Top of Data excerpt

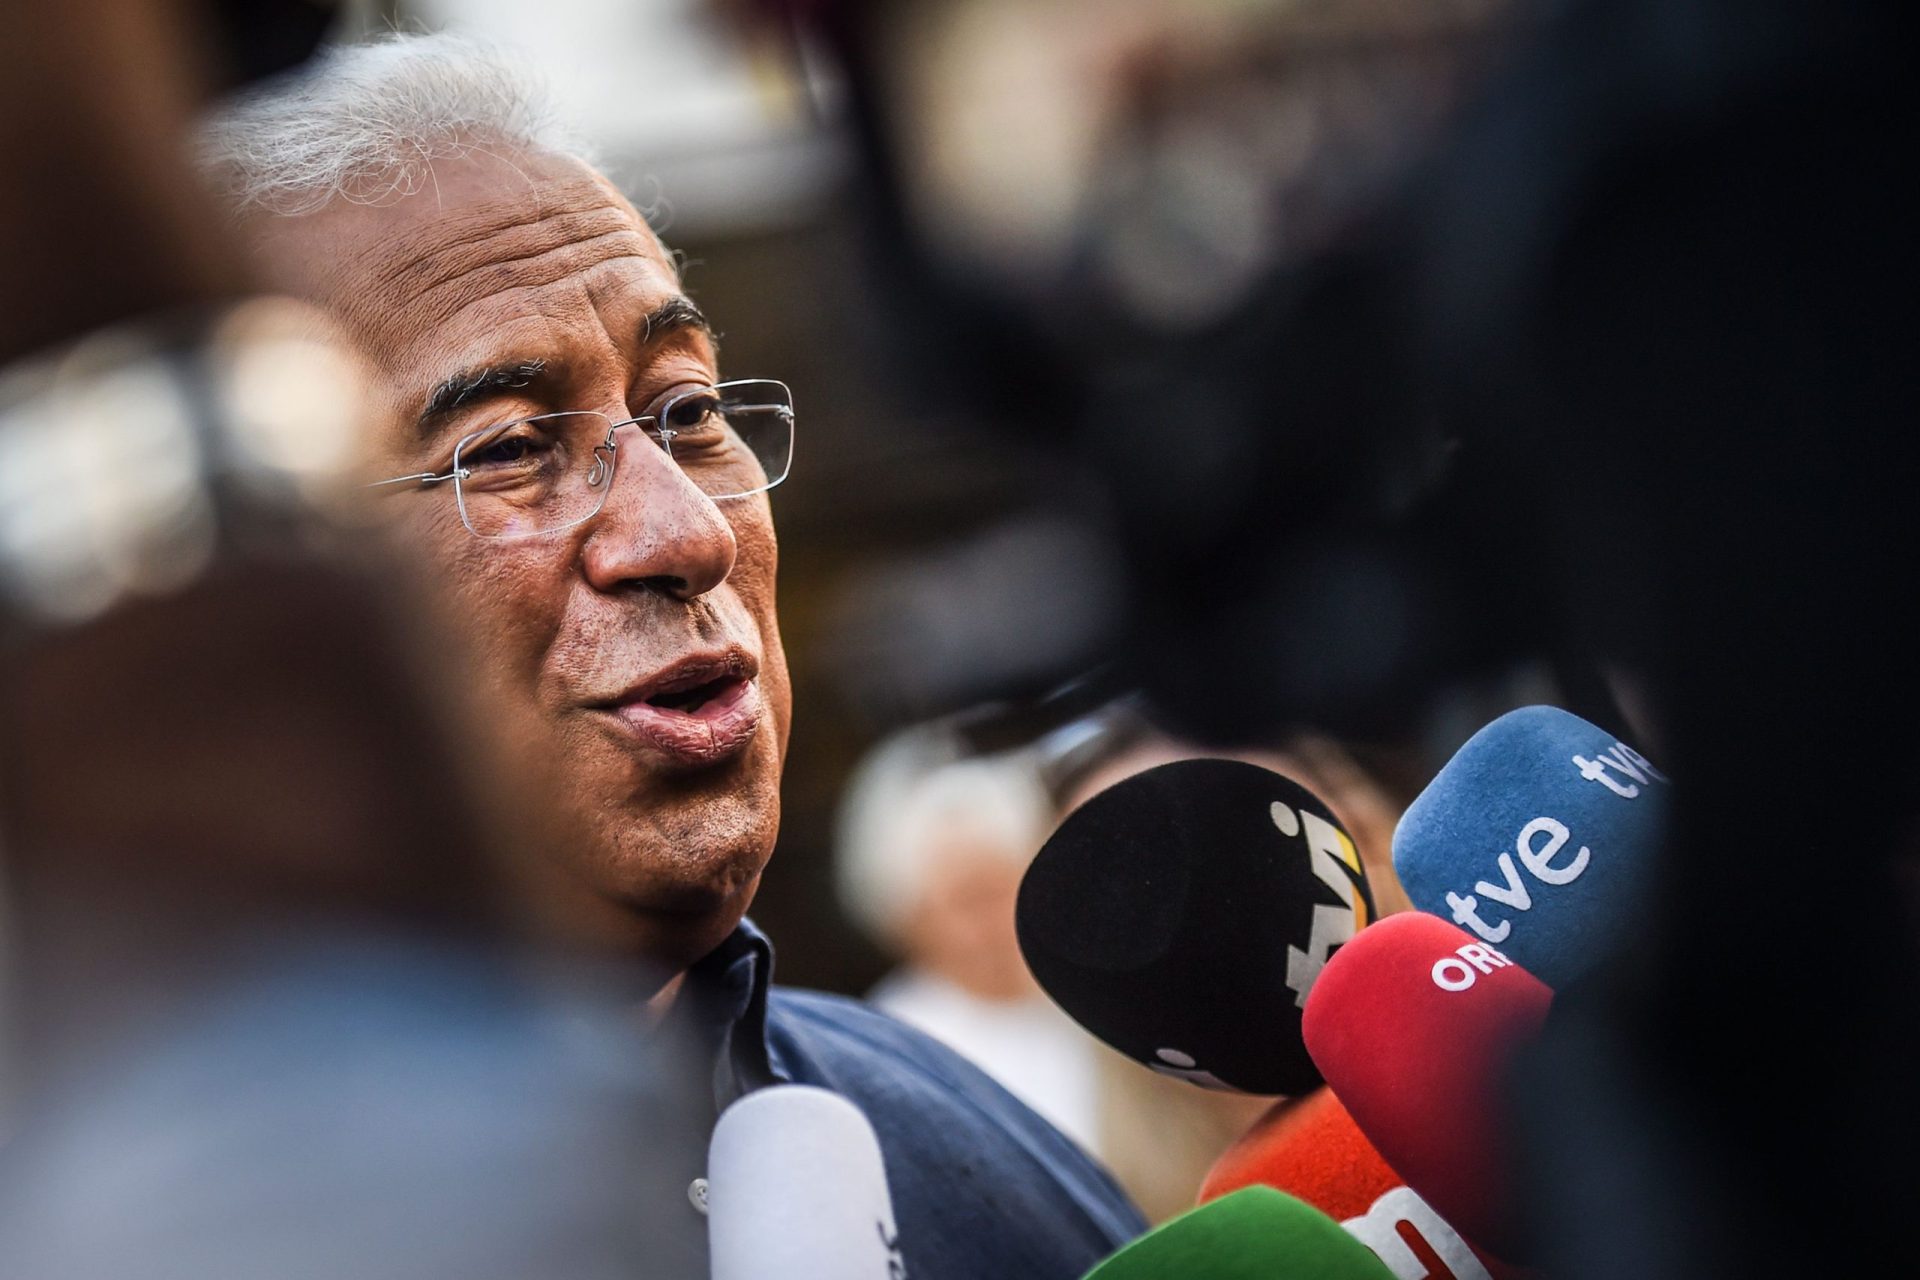 As eleições portuguesas vistas pela imprensa estrangeira
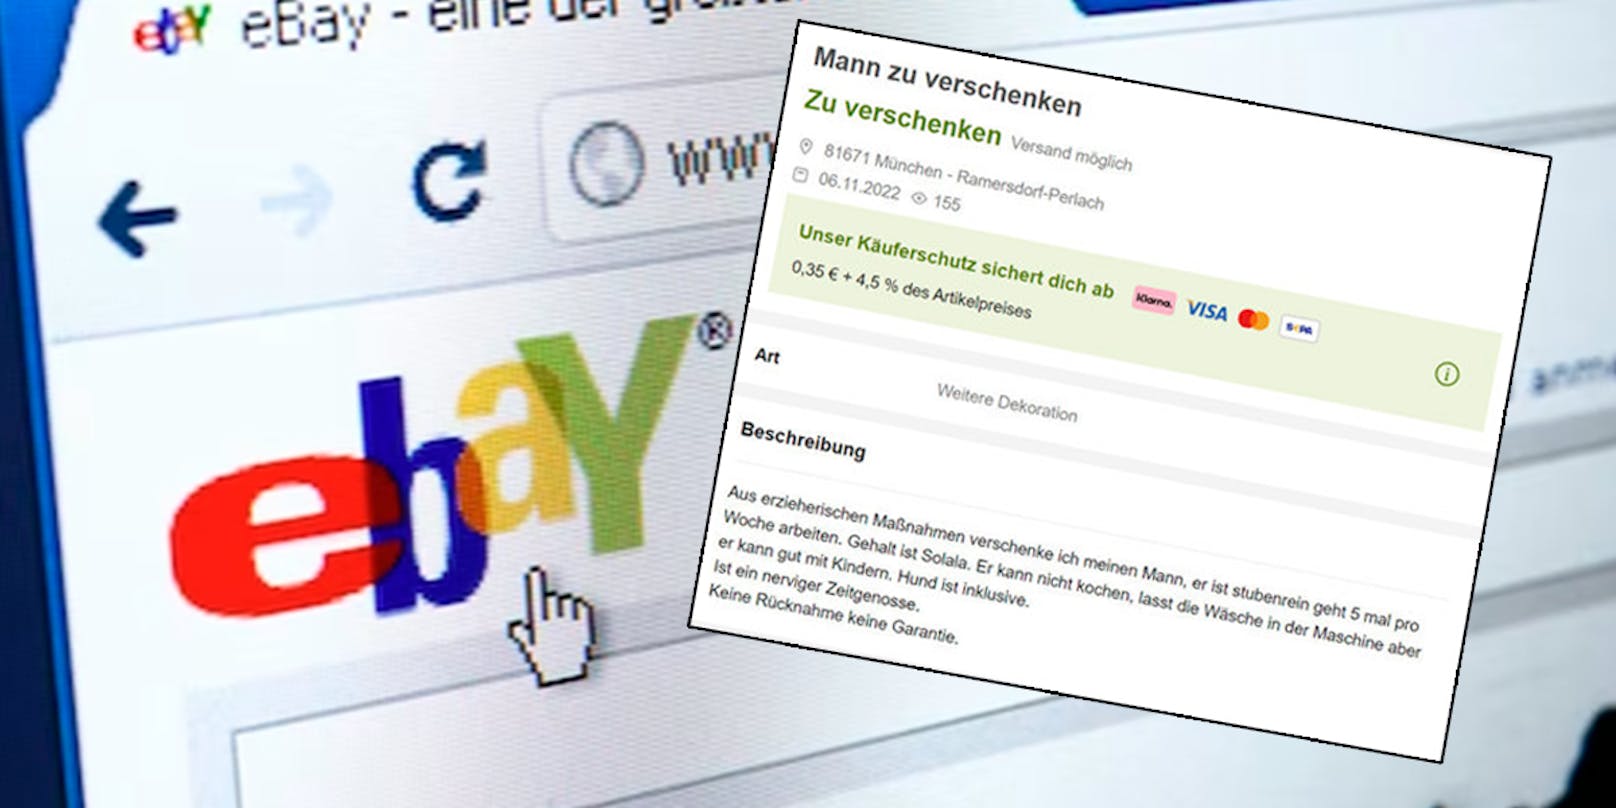 "Mann zu verschenken" – Ebay-Anzeige amüsiert das Netz
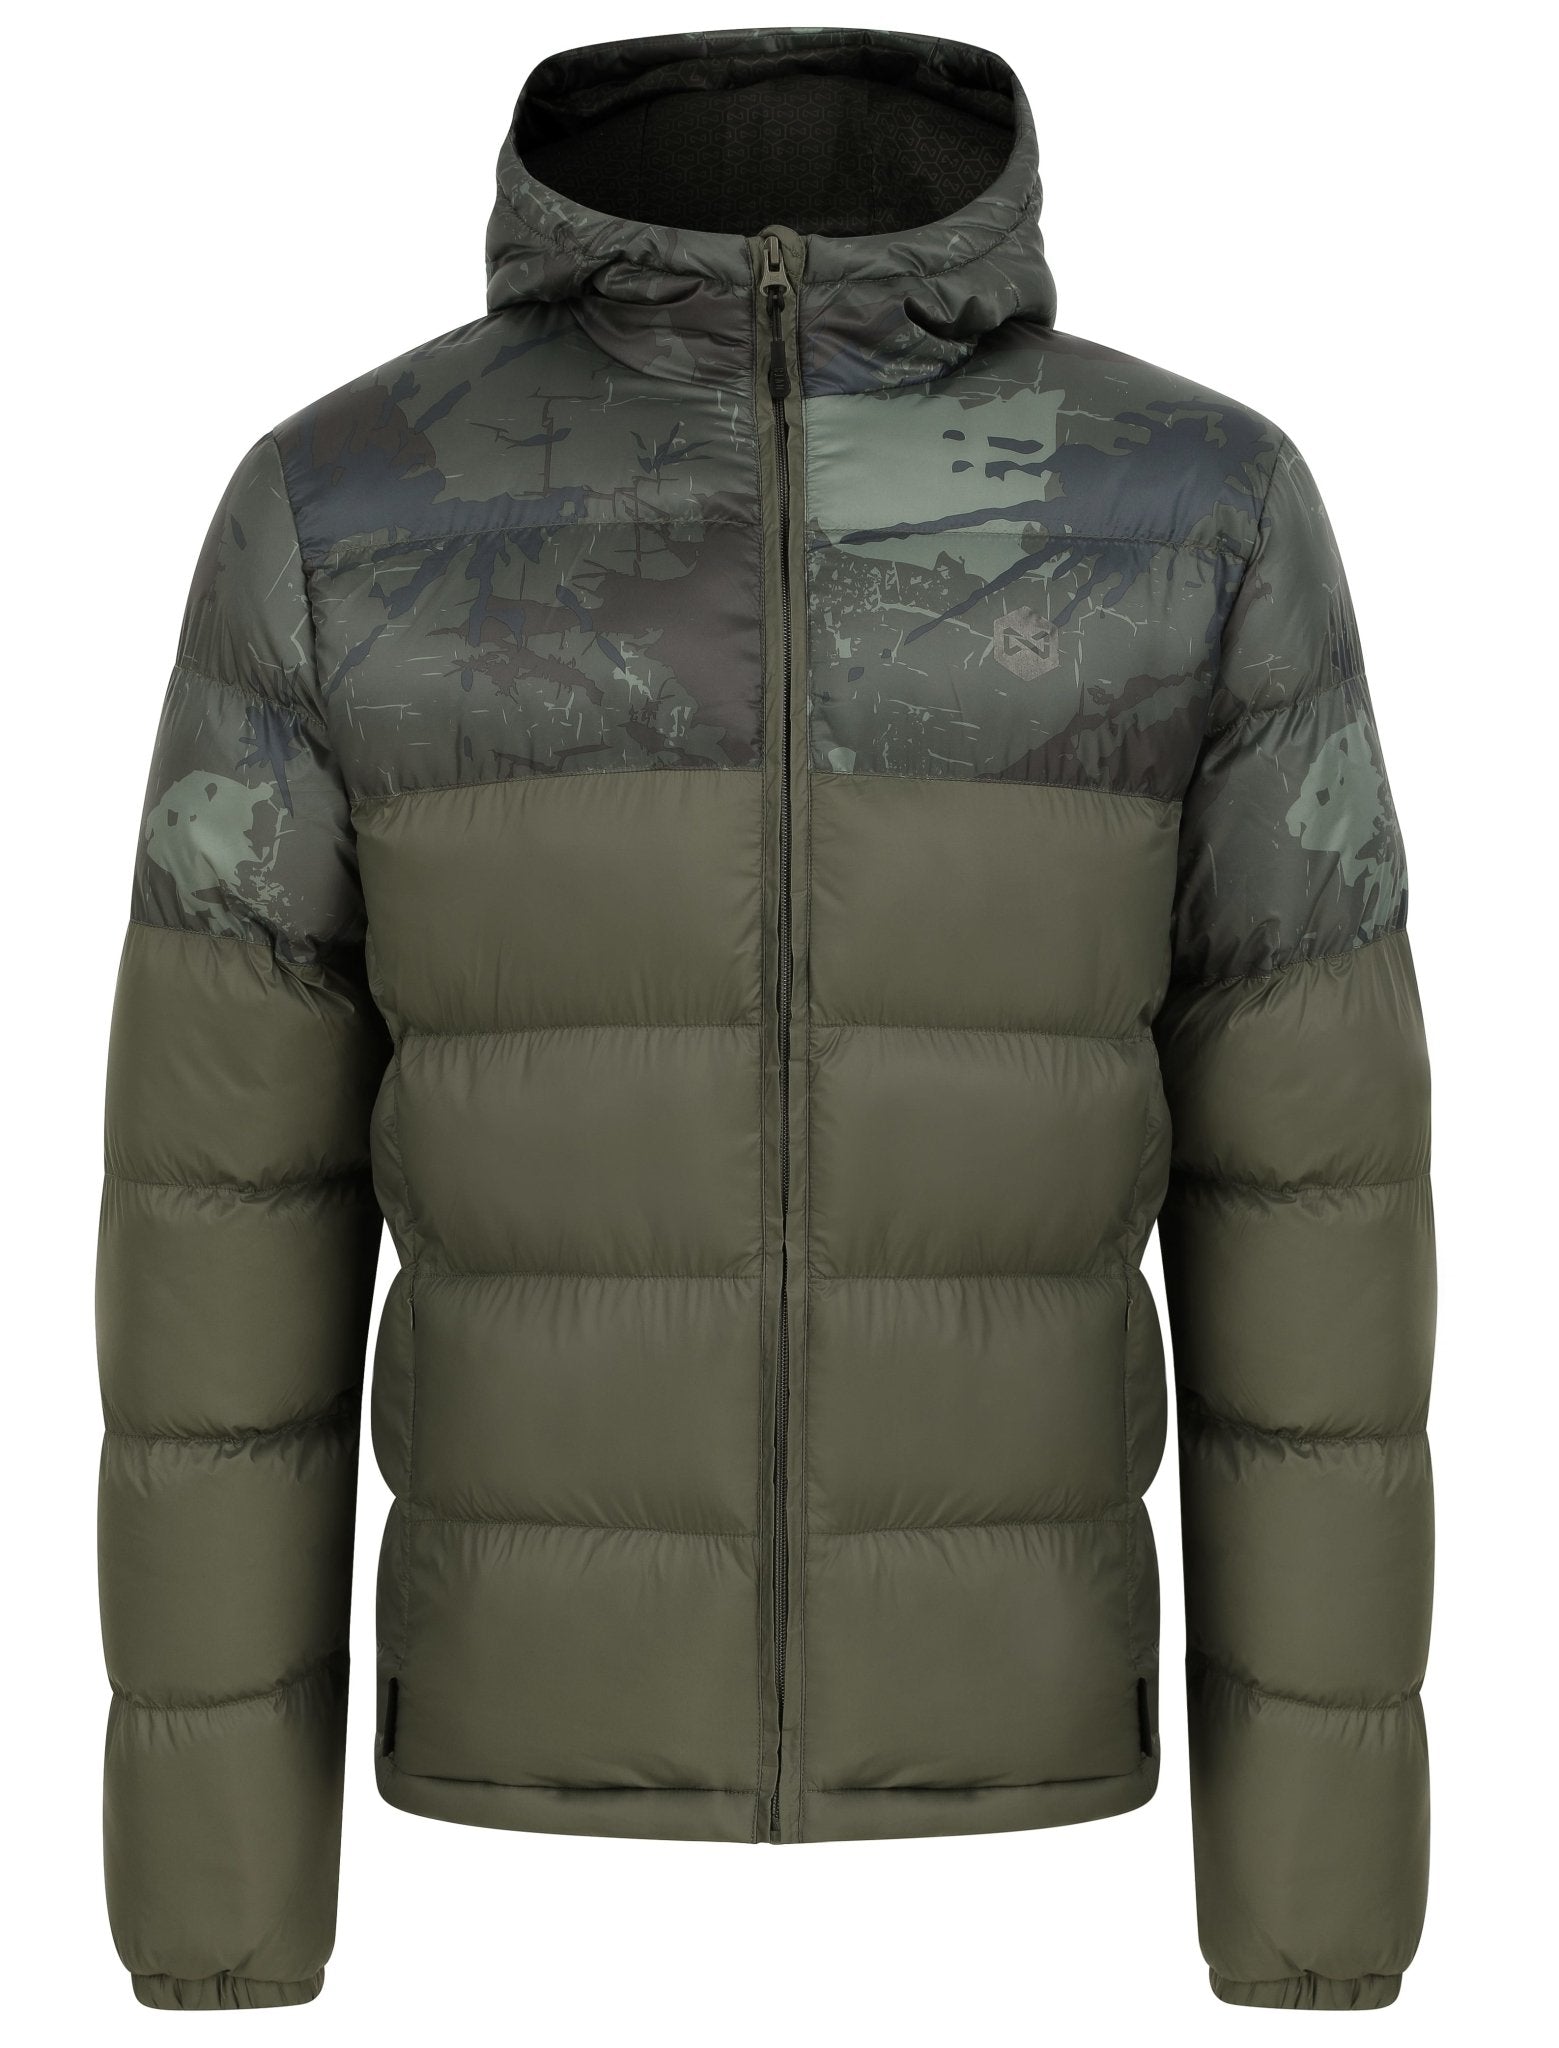 Tetra Camo Puffer Jacket, Men's Fishing Coat
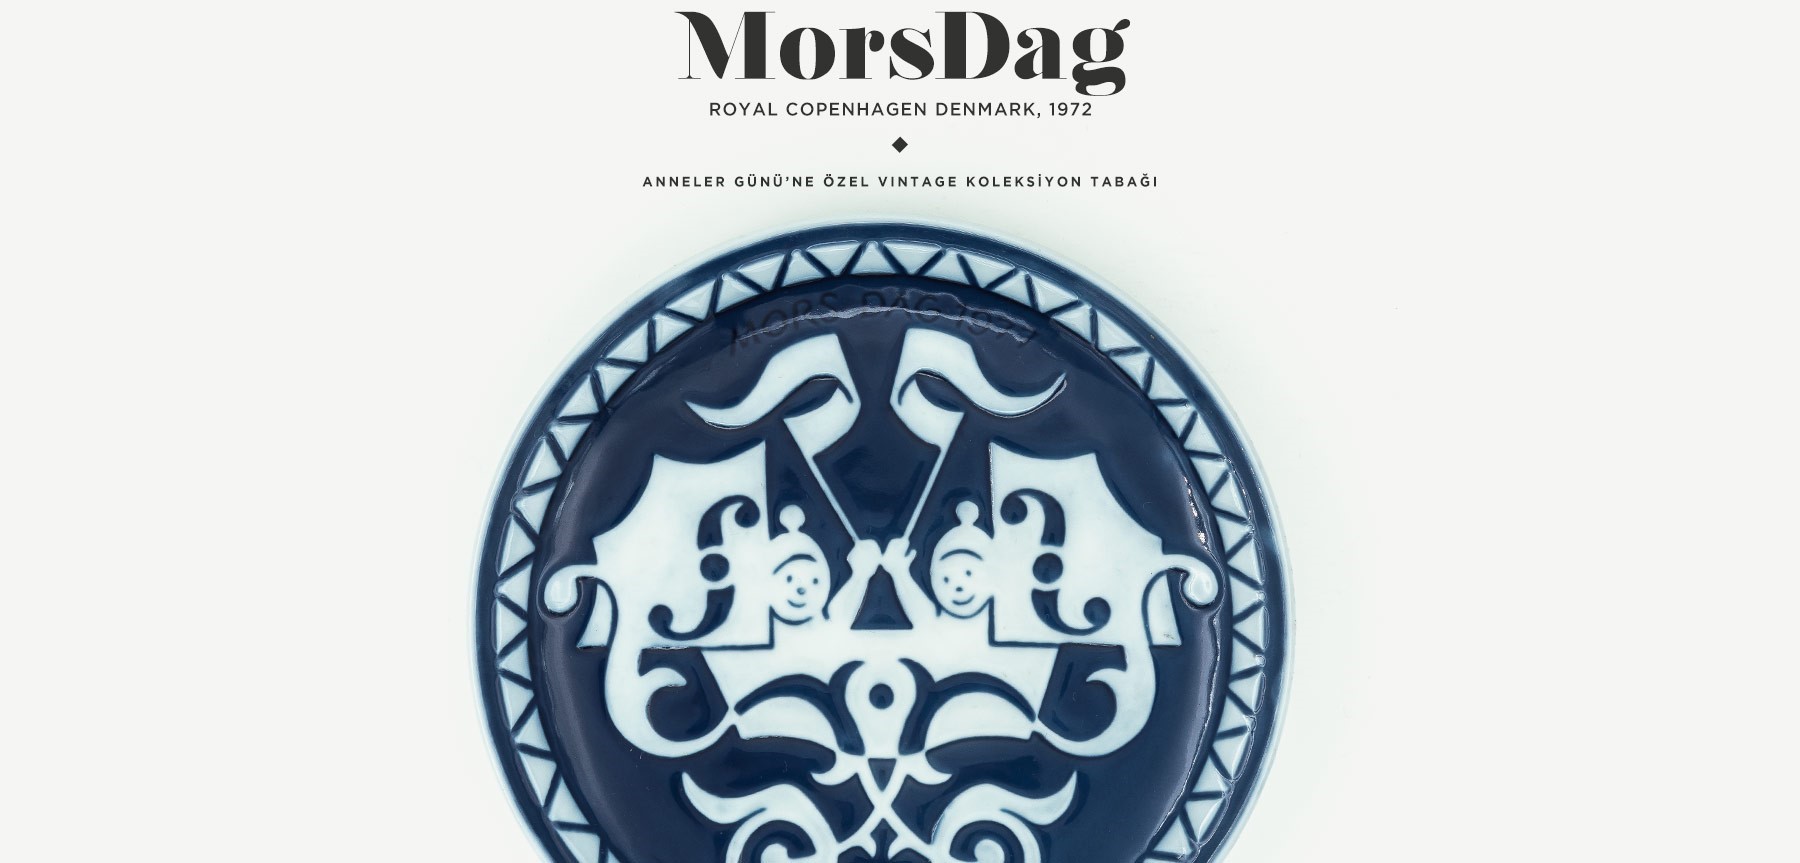 royal copenhagen mors dag koleksiyon tabağı'in resmi

Bottom of Data excerpt

» **Your goal**
Copy exactly, and only, the lines from the line containing "amüsiert das Netz" through the final line of the material above, with no pictures.

» **Response for this exercise**
 "Mann zu verschenken" – Ebay-Anzeige amüsiert das Netz
 Tetra Camo Puffer Jacket, Men's Fishing Coat
 royal copenhagen mors dag koleksiyon tabağı'in resmi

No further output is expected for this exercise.